Following a bill passed in March by the state legislature recognizing customers’ rights to install energy storage, a new bill was signed in early June to support the development of large-scale storage in Colorado. House Bill 18-1270, also known as the Energy Storage Procurement Act, directs the Colorado Public Utilities Commission to “create conditions” that facilitate the procurement of energy storage technologies to help address the grid’s peak demand issues, improve reliability, and avoid more costly and disruptive infrastructure investments. With this ruling, the state legislature has recognized the cost-effectiveness of energy storage compared to other resources in reducing the operational cost of the grid while improving reliability.

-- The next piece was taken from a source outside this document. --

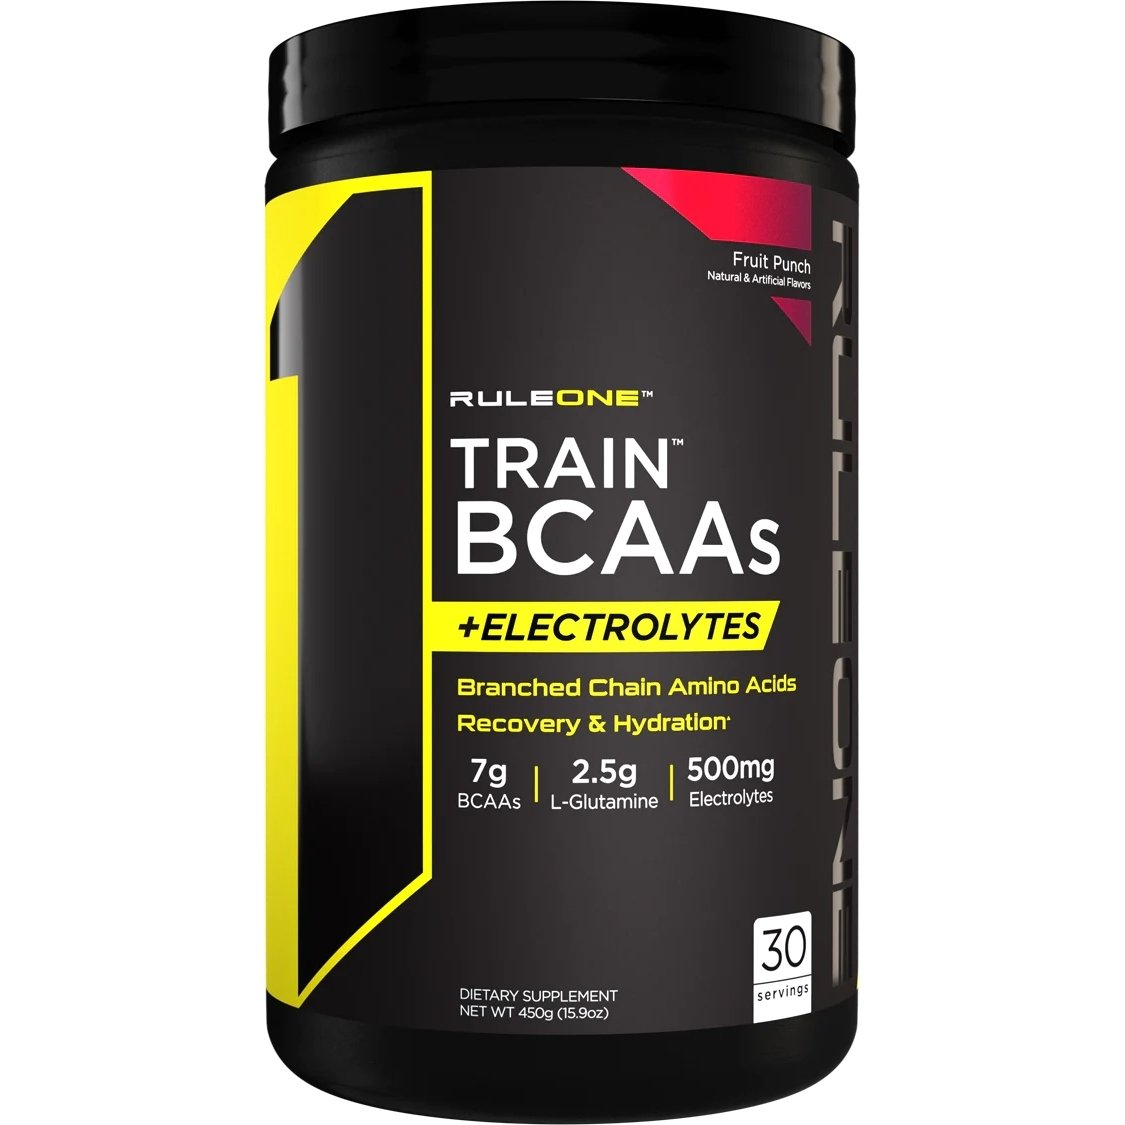 Аминокислота BCAA Rule 1 Train BCAAs + Electrolytes, 450 грамм Фруктовый пунш,  ml, Rule One Proteins. BCAA. Weight Loss स्वास्थ्य लाभ Anti-catabolic properties Lean muscle mass 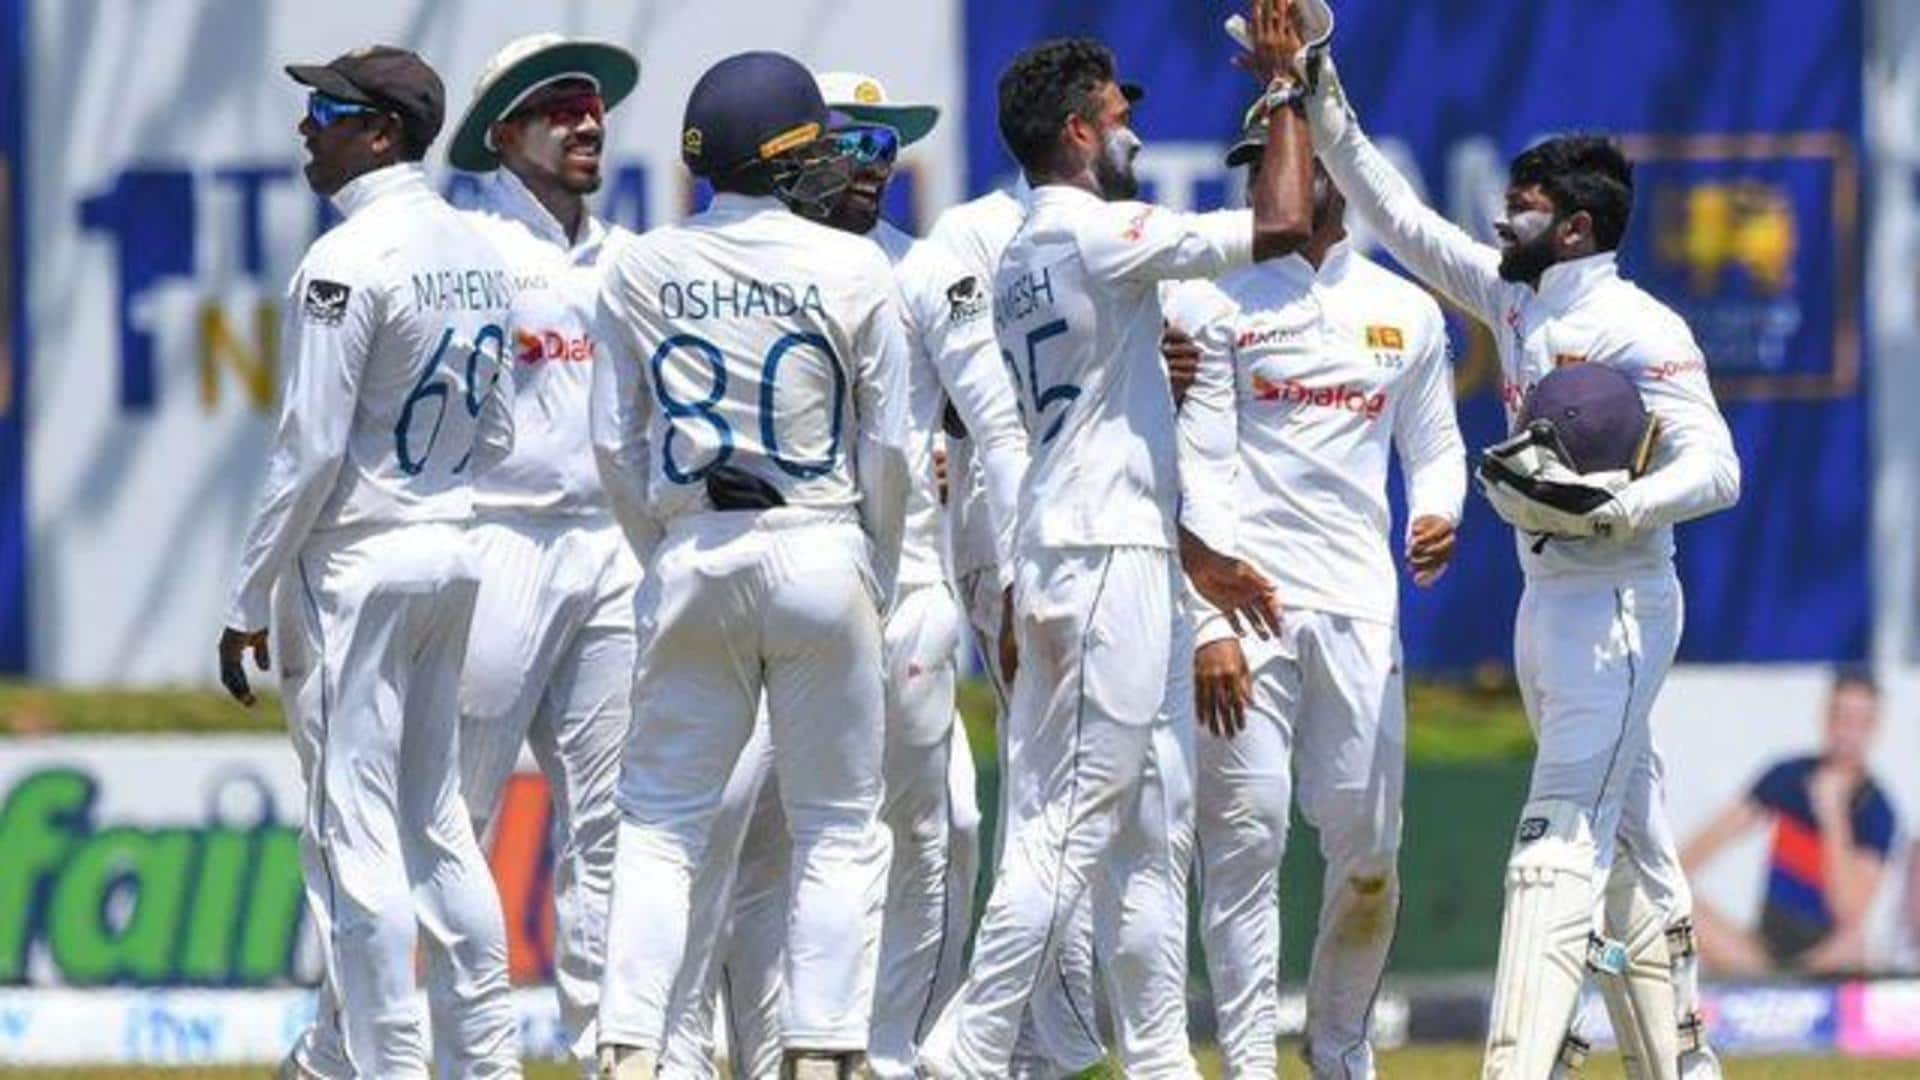 Sri Lanka vs Pakistan, Test series: Statistical preview

Xcel Leading the Way with Wind and Solar Plus Storage

While many utilities throughout the world have chosen to pursue investments in renewable generation and energy storage long after being directed by regulators, Xcel announced its preferred Colorado Energy Plan Portfolio (CEPP) on June 8. The utility intends to dramatically reduce its use of coal generation in favor of flexible natural gas, wind, solar, and energy storage. It is capitalizing on the falling costs of these technologies and the abundance of flat, open land with world-class solar and wind resources throughout its service territory. This announcement represents the aggressive push to transition to a cleaner, more locally based energy system for which many of us in Colorado have been waiting.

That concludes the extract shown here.